● **Extracted material**:
********************

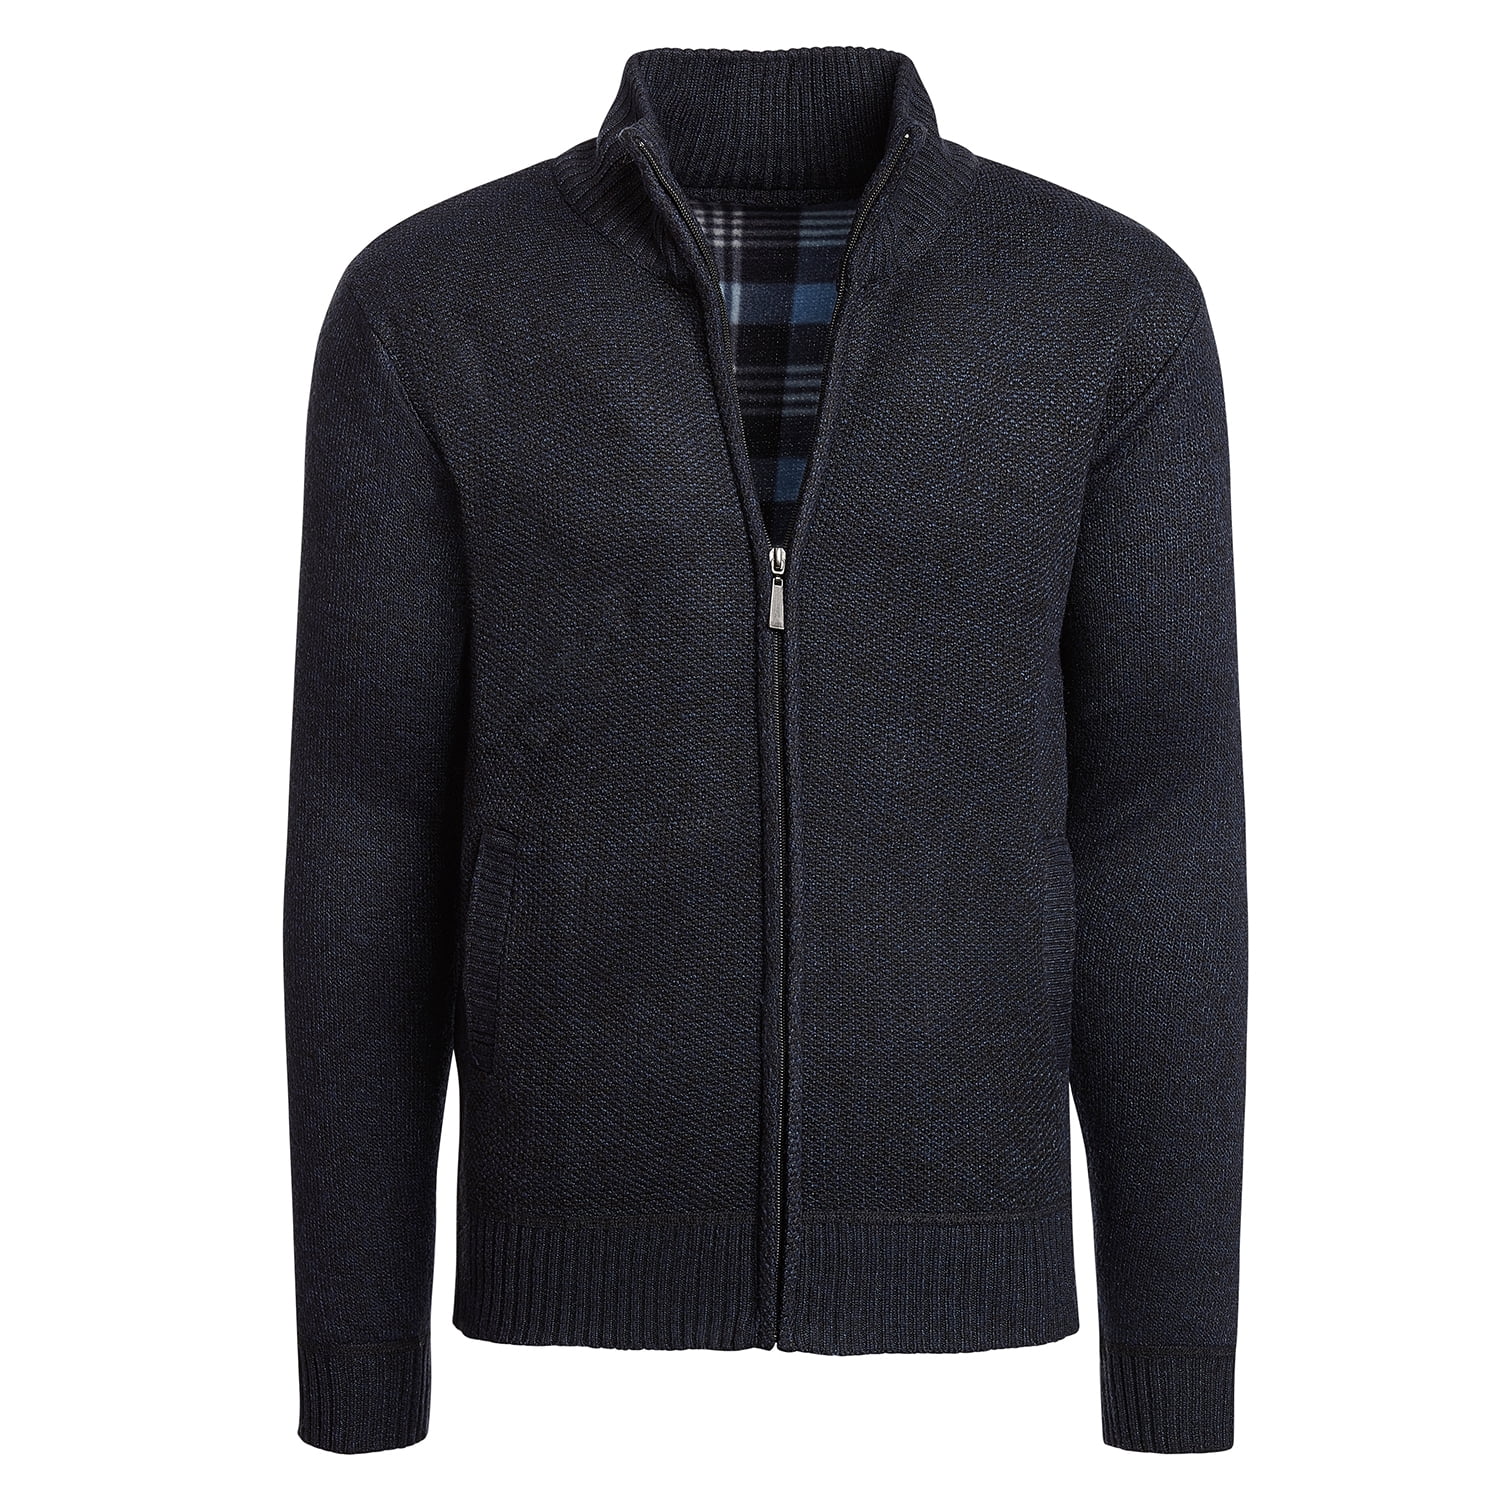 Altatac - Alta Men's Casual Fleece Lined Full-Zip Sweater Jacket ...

********************

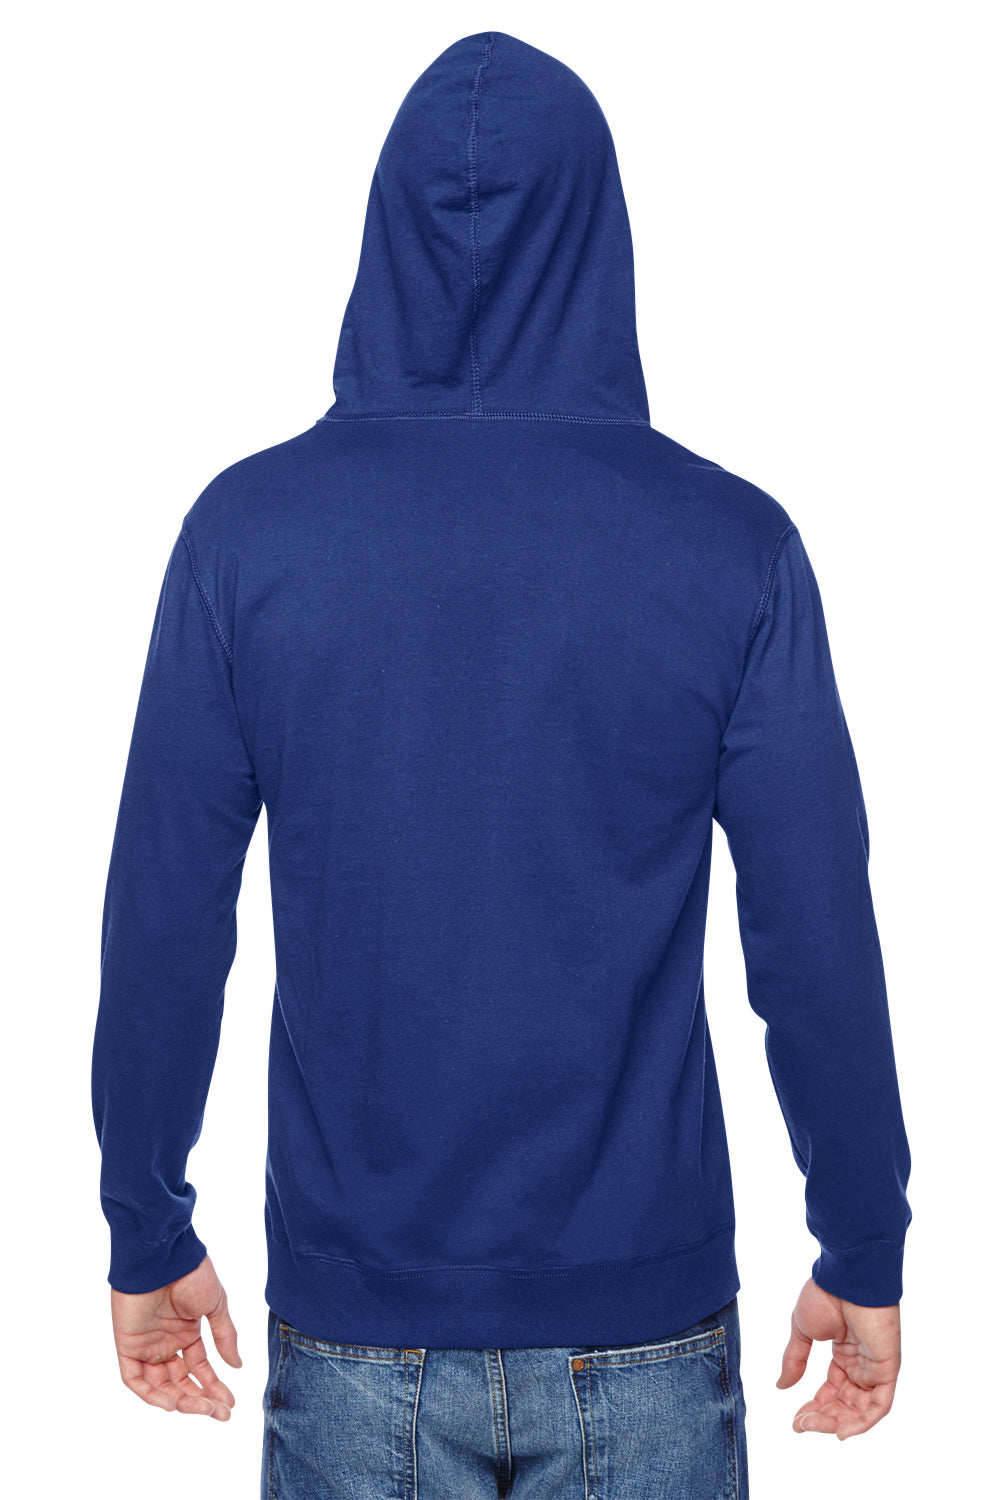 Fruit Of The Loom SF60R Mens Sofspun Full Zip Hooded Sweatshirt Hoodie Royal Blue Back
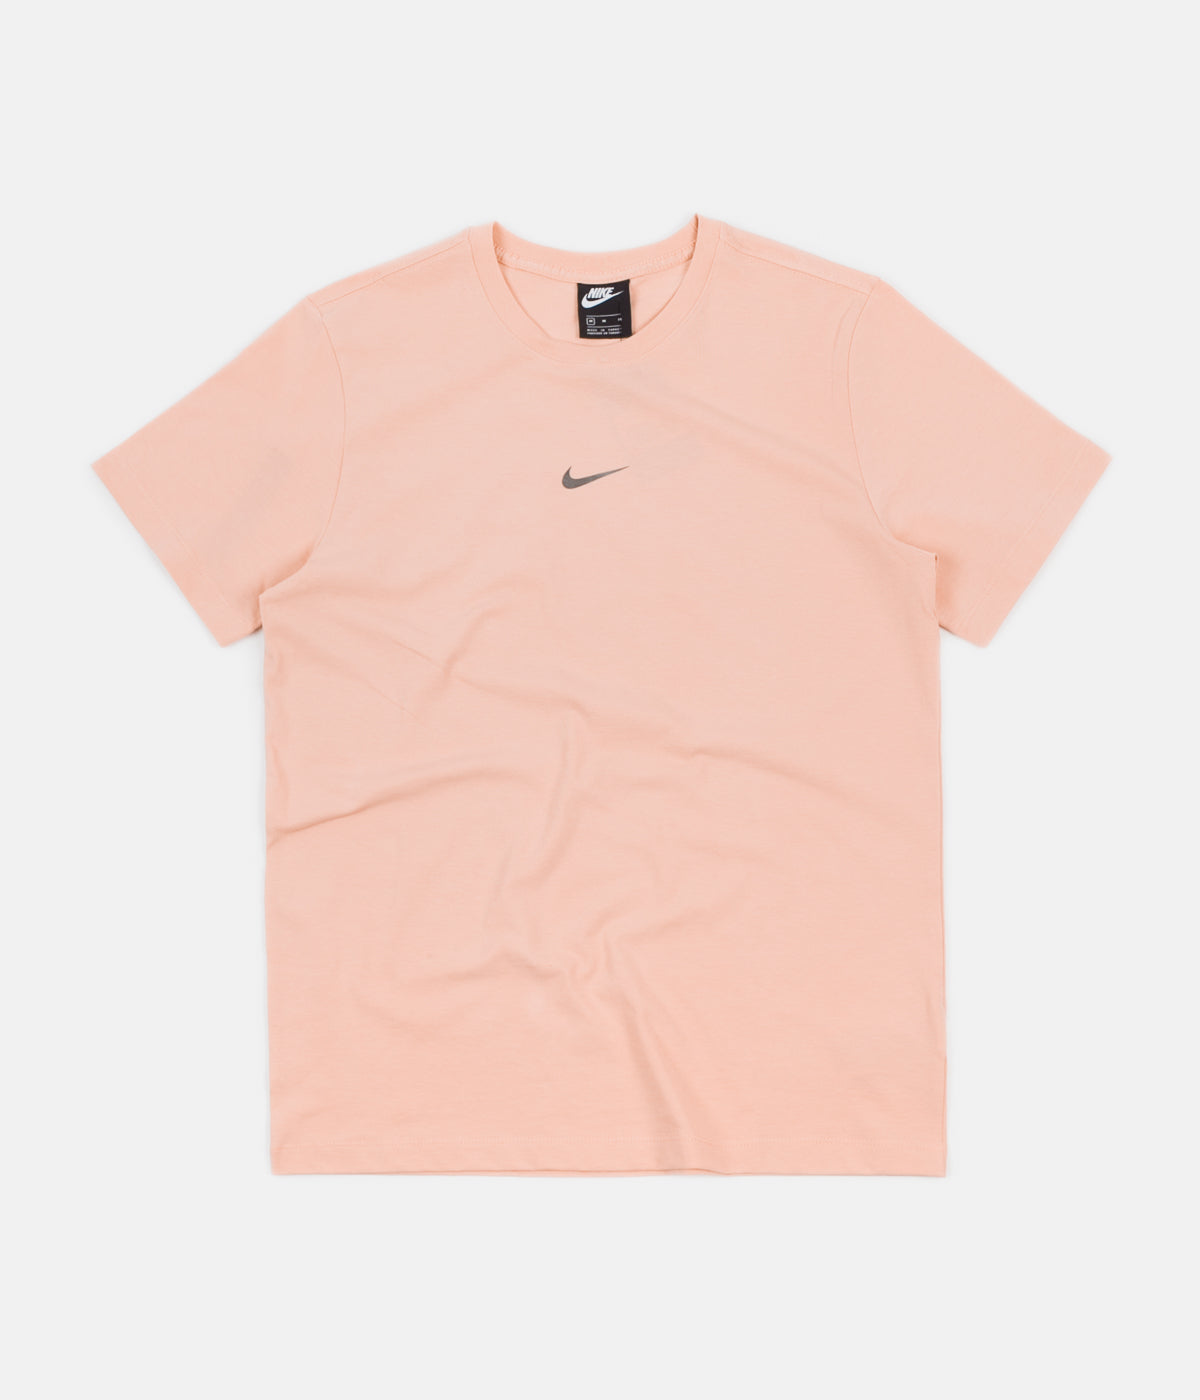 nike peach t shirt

********************

Set down exactly the lines above, from the line containing "Fruit Of The" through the line containing "nike peach t shirt". Skip the pictures.

● **Result of the task**:
 Fruit Of The Loom SF60R Mens Sofspun Full Zip Hooded Sweatshirt Hoodie Royal Blue Back
 nike peach t shirt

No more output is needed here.